Frühgeborene im Familienzimmer: Höhere Stillquote und niedrigeres Sepsis-Risiko

Laut mehrerer Studien hat ein Familienzimmer Vorteile gegenüber der Frühchenstation

Von Cornelia Scherpe
22. Januar 2019

Wird ein Kind als Frühchen entbunden, kommt es in den meisten Kliniken auf eine spezielle Station. Dort liegen alle Frühgeborenen in passenden Inkubatoren und können so intensiv betreut werden. Diese Frühchenstationen bringen jedoch auch Nachteile mit sich: Die Eltern können ihrem Neugeborenen nicht so nahe sein, wie sie es möchten. Das erschwert unter anderem das Stillen und kann die Mutter-Kind-Bindung nachhaltig stören.
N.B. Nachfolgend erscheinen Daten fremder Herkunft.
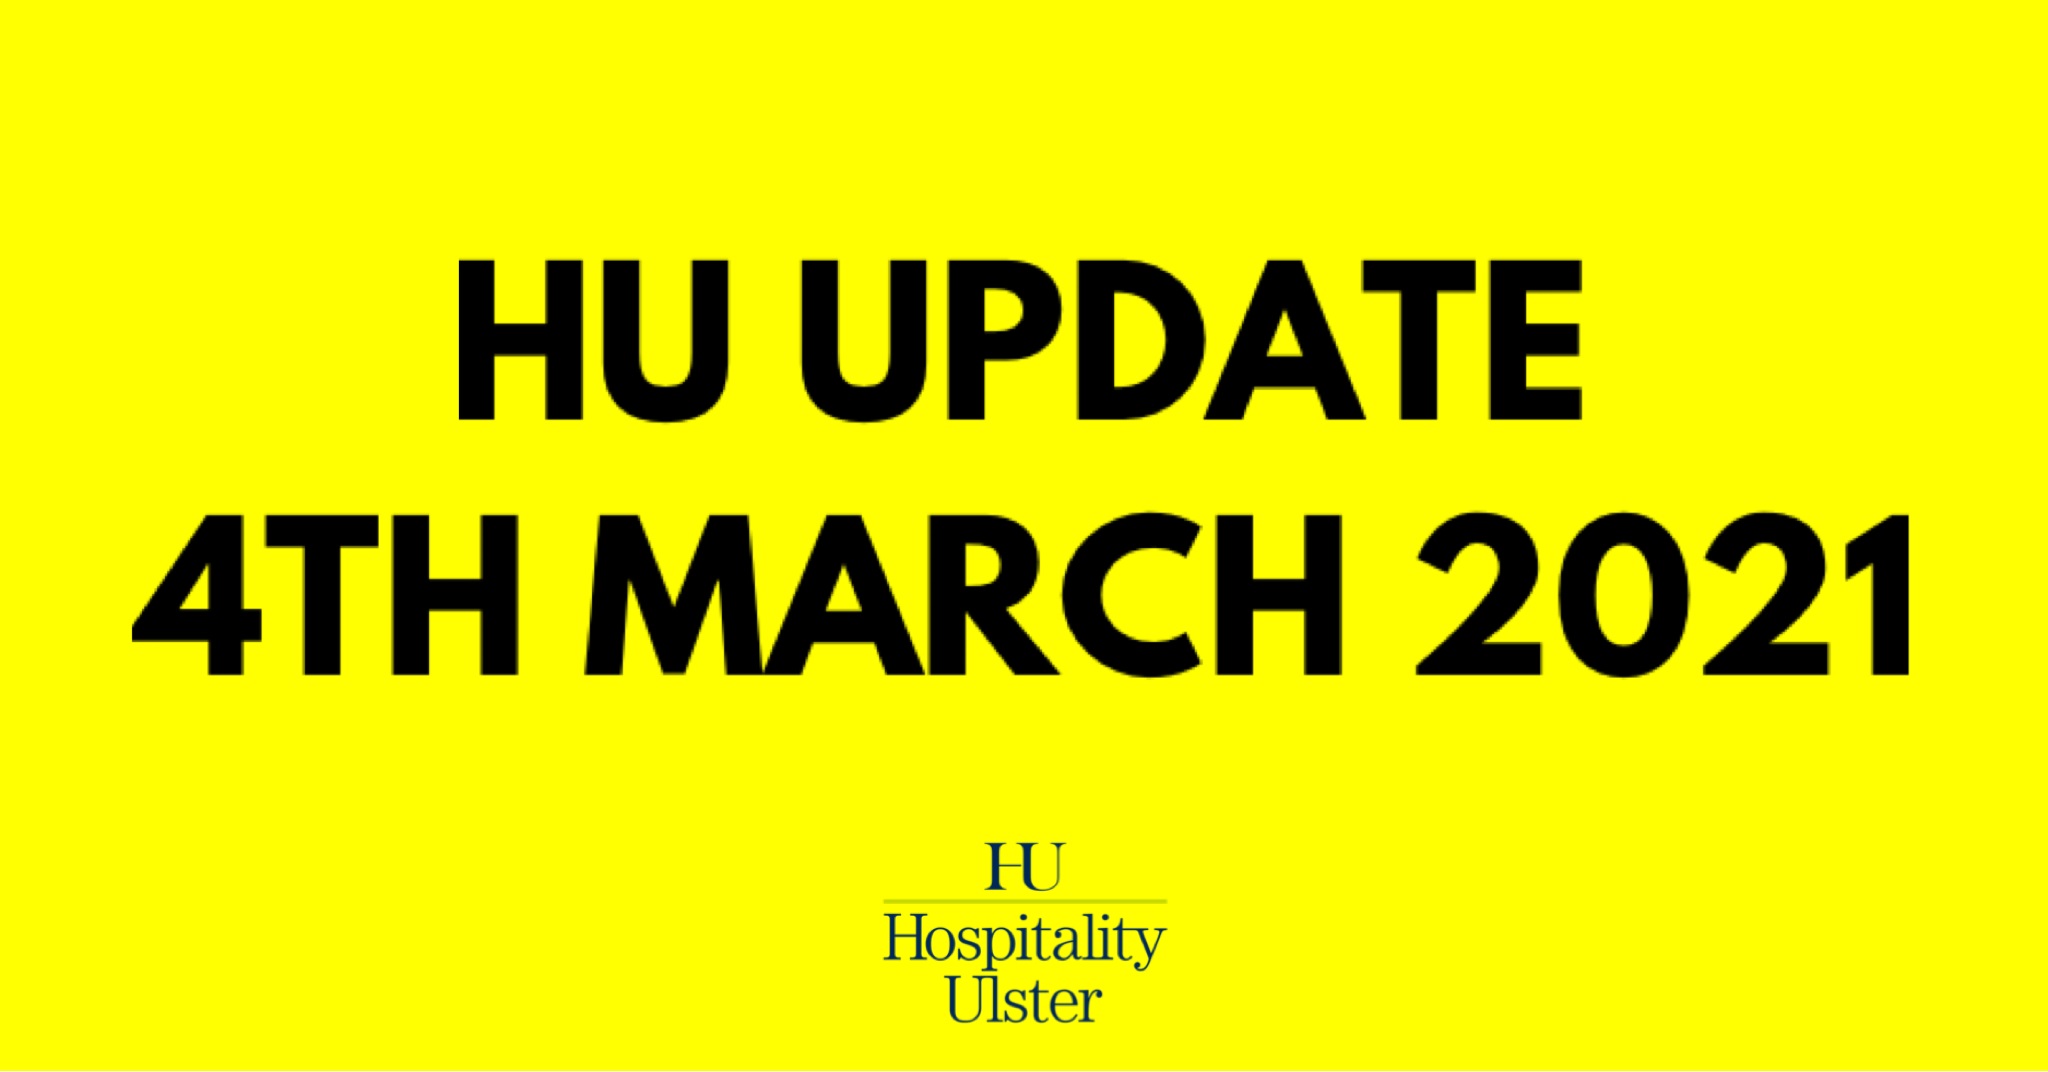 HU UPDATE - BUDGET - SUPPORT - AND MORE

In den letzten Jahren haben daher viele Krankenhäuser umgedacht und bieten das Konzept "entwick­lungs­fördernde familienzentrierte individuelle Betreuung". Was umständlich klingt, beschreibt den Ansatz, auch Frühchen in Familienzimmern zu pflegen. So können die Eltern während des Klinikaufenthaltes permanent beim Kind sein. Eine aktuelle Studie hat betrachtet, welche Unterschiede durch diese Betreuung messbar werden.

Bessere Hygiene und Stillquote im Familienzimmer

In Stockholm wurden 366 Frühchen entweder klassisch in offenen Stationen oder im Familienzimmer versorgt. Die Frühgeborenen beider Gruppen hatten ein ähnliches Risiko bei der Sterblichkeit. Das bedeutet, dass ein Familienzimmer nicht die Gefahr für unbemerkte Komplikationen erhöht, wie Kritiker vermutet hatten. Das Fachpersonal ist sowohl in den Räumen mit vielen Inkubatoren als auch in den Einzelzimmern immer zeitnah zur Stelle. Durch die größere Nähe zur Mutter erhöhte sich in den Familienzimmern aber wie erhofft die Stillquote. Sie ist gegenüber dem klassischen Modell dreimal so groß.

Beim Hinzuziehen zwölf älterer Studien zum gleichen Thema konnten die Forscher noch detaillierte Erkenntnisse gewinnen. Demnach verändert sich die geistige Entwicklung der Kinder bei einer Betreuung im Einzelzimmer nicht. Dieser erhoffte Vorteil konnte nicht belegt werden, was jedoch auch an der kurzen Nachbeobachtungszeit liegen kann. Manche Defizite werden erst jenseits des Kleinkindalters deutlich und so lange betreute keine Studie die jungen Teilnehmer. Dafür kam ein anderer Vorteil hinzu: Kinder in familiären Zimmern erlitten seltener eine Sepsis. Diese gefährlichen Infektionen waren auf offenen Stationen häufiger, was die Forscher auf eine bessere Hygiene im Einzelzimmer zurückführen.